Work to be completed: Go to the line with "Lets Express 247.495 as afraction" in the records below, then output it and each following line exactly, up to and including the line with "mark zuckerberg speaking". Skip pictures and add nothing.

Material for this task:
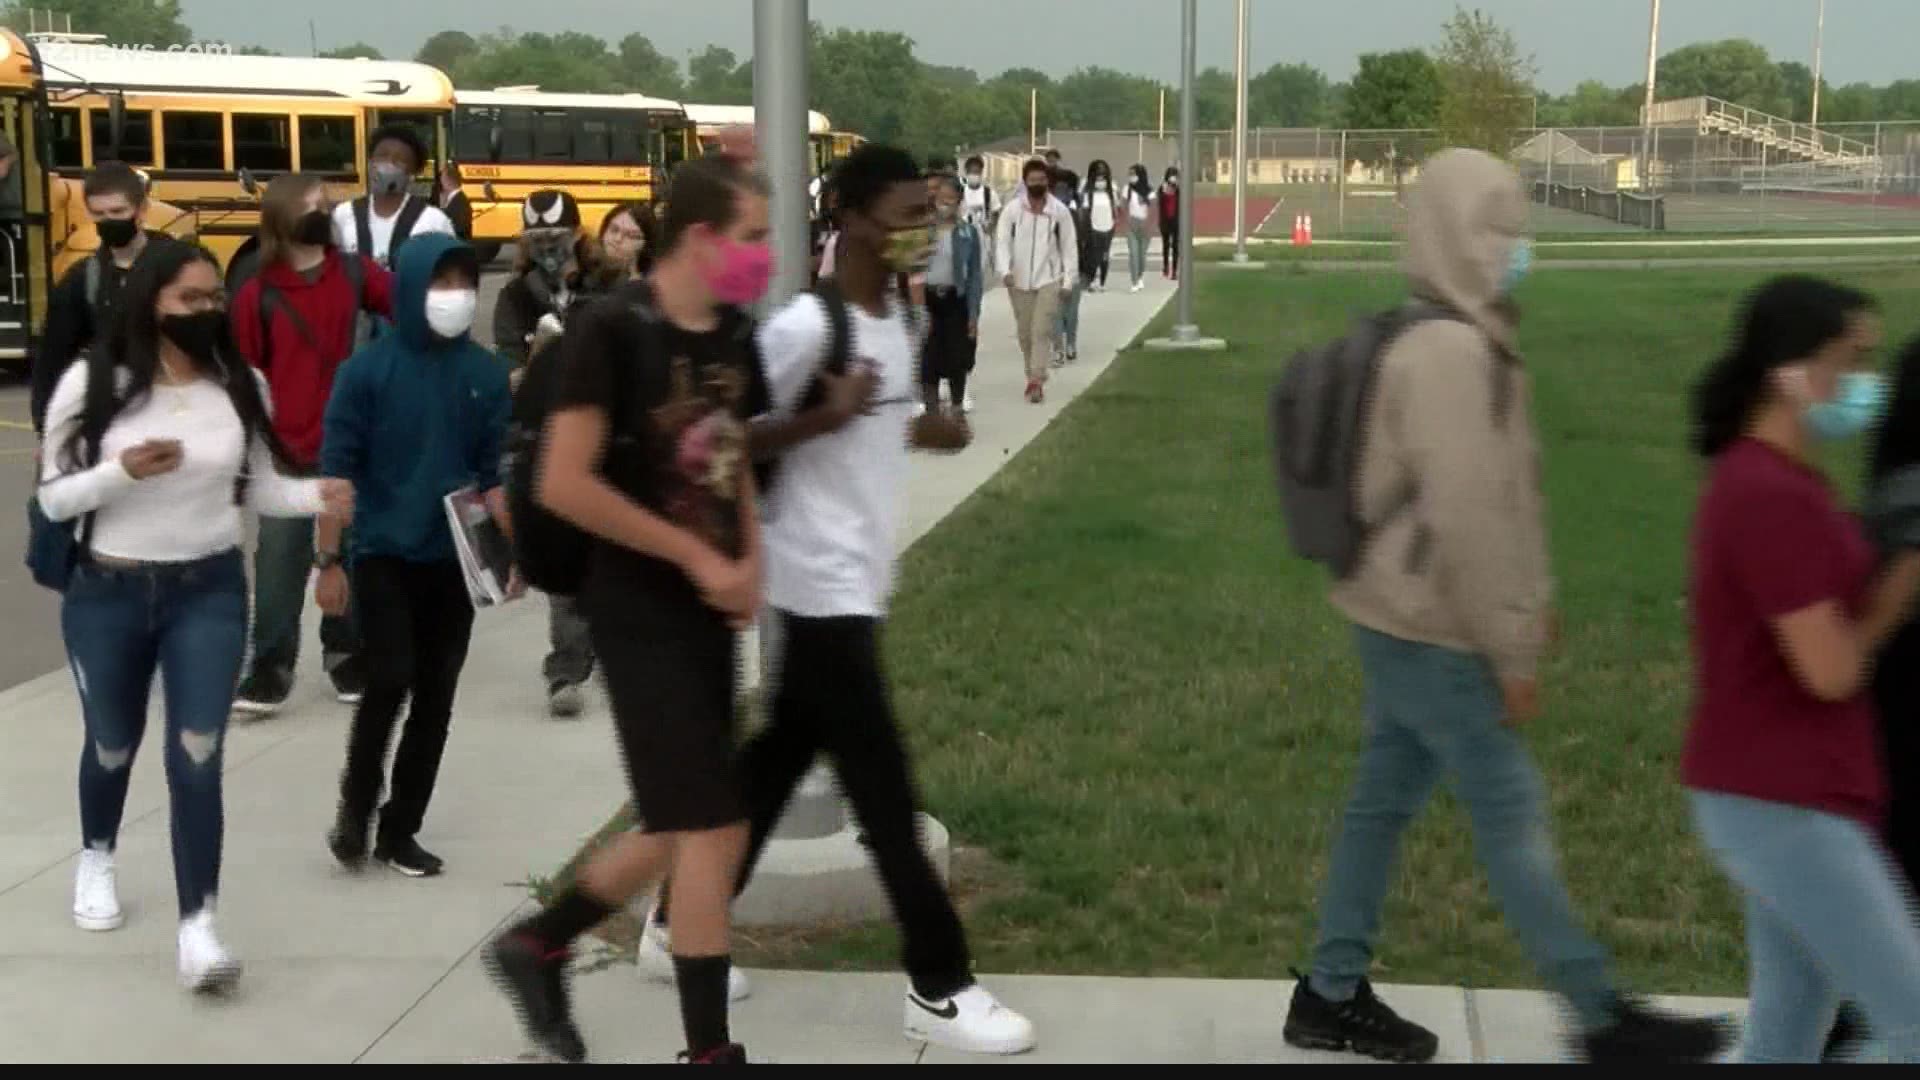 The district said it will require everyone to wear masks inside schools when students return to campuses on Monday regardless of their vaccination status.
==
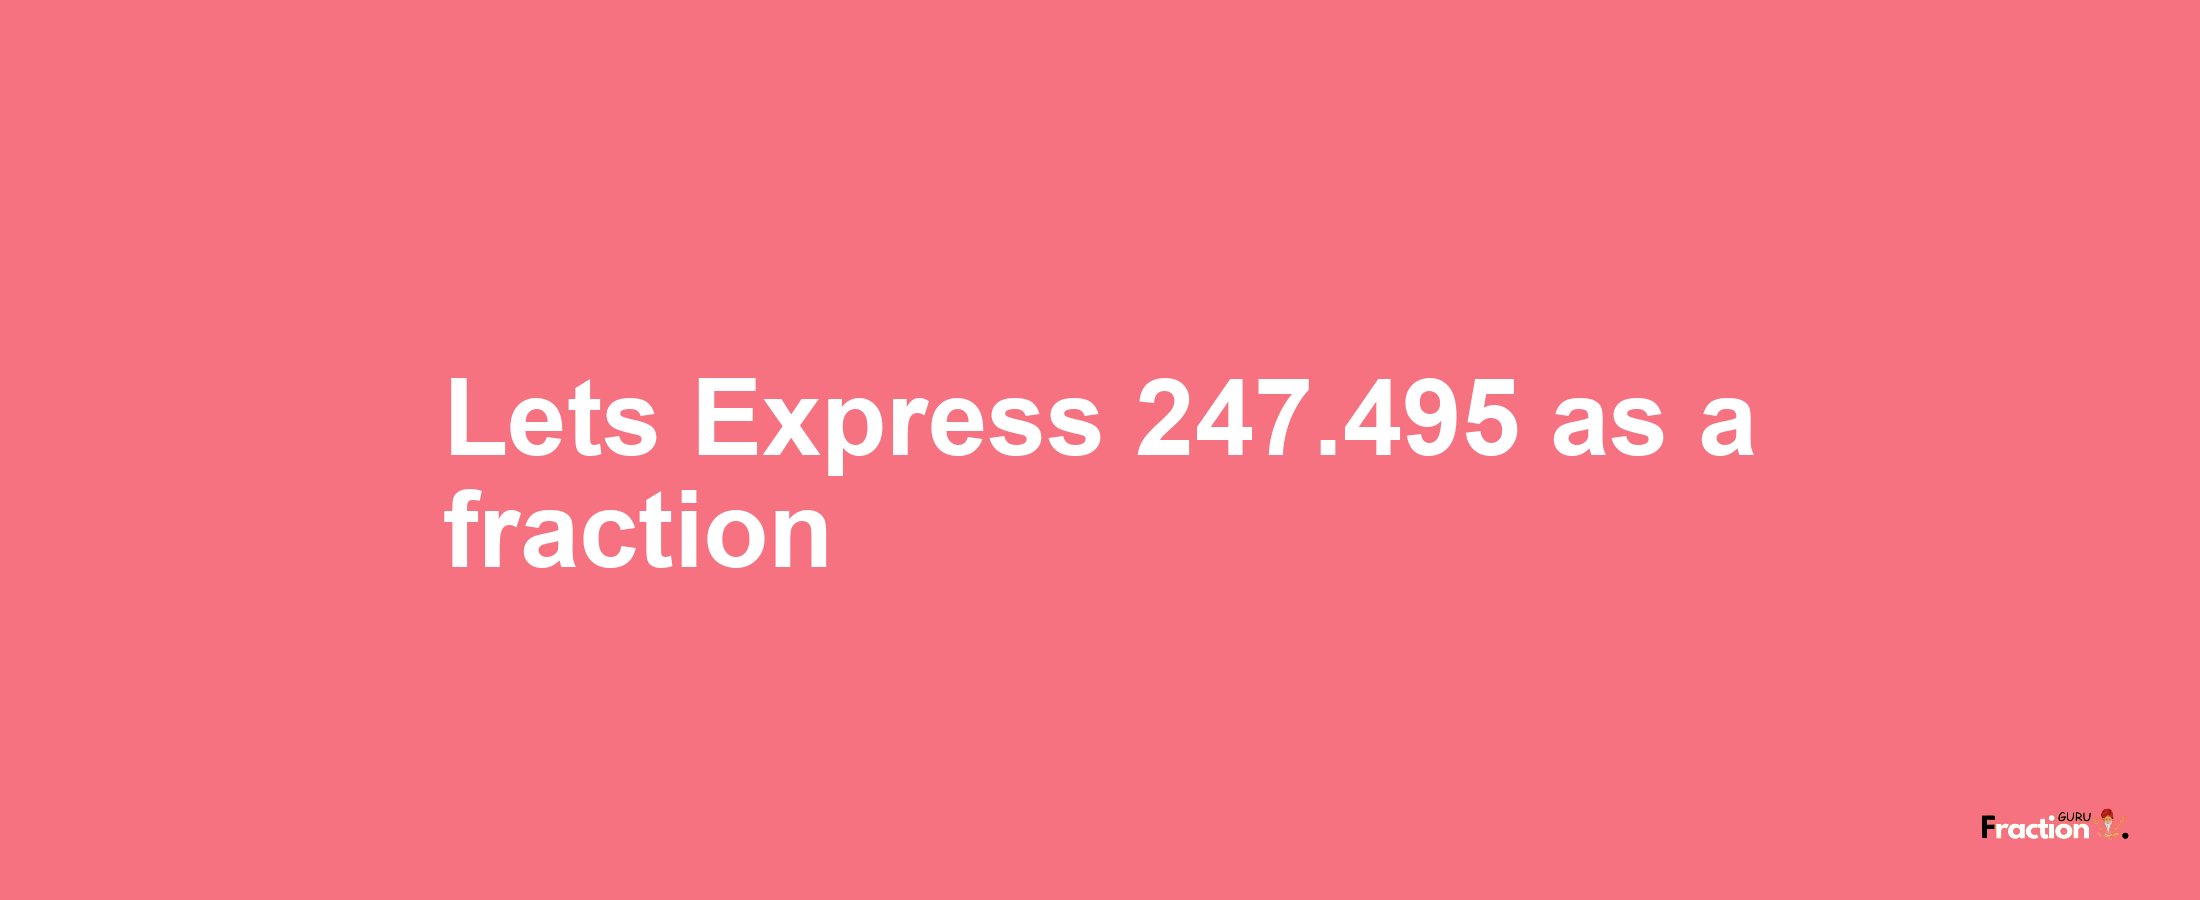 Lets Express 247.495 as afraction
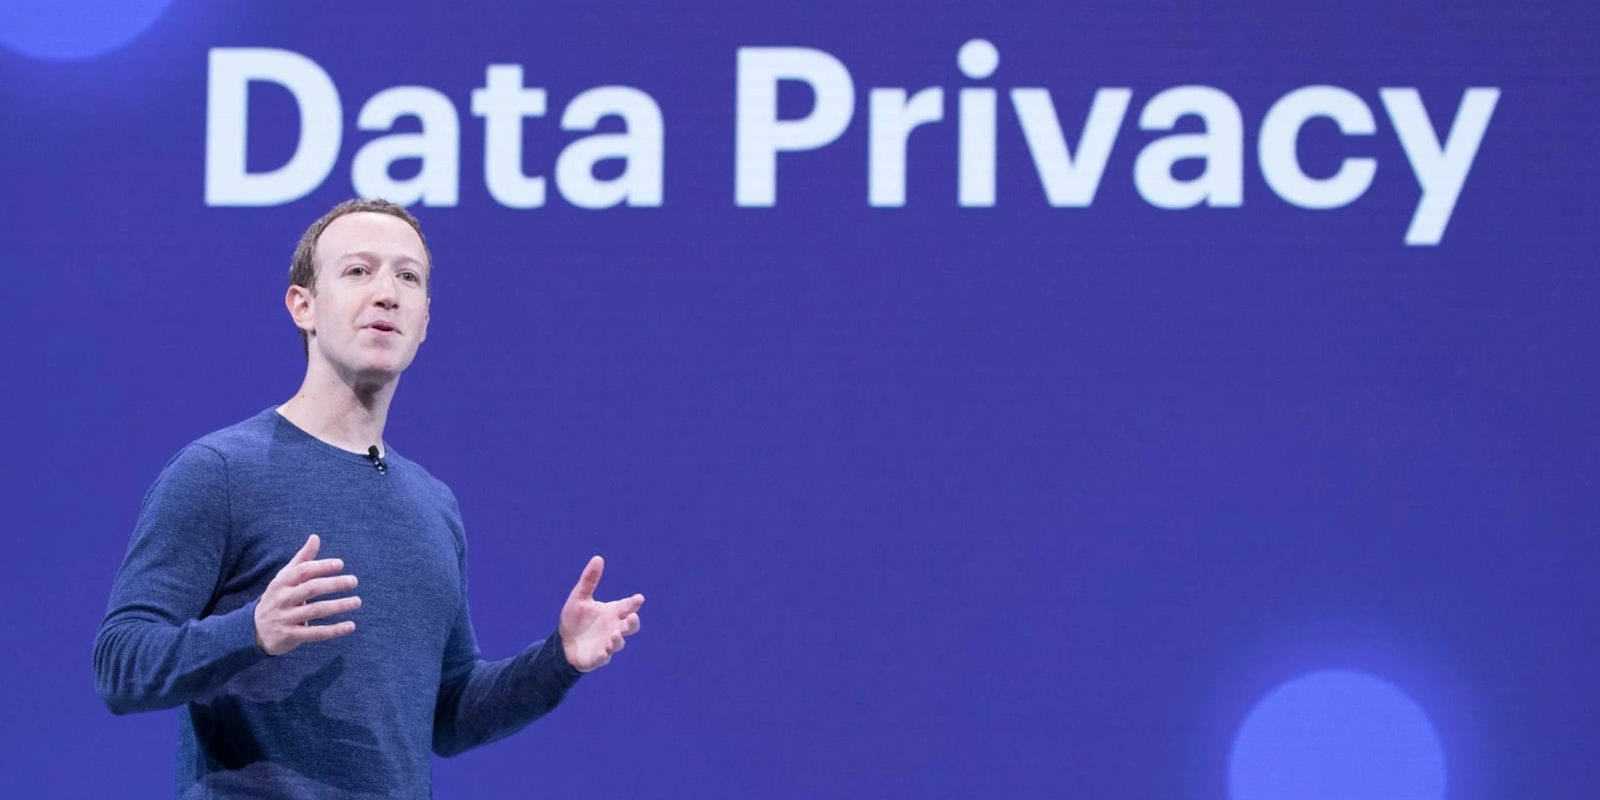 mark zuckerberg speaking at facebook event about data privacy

Solution for this task:
 Lets Express 247.495 as afraction
 mark zuckerberg speaking at facebook event about data privacy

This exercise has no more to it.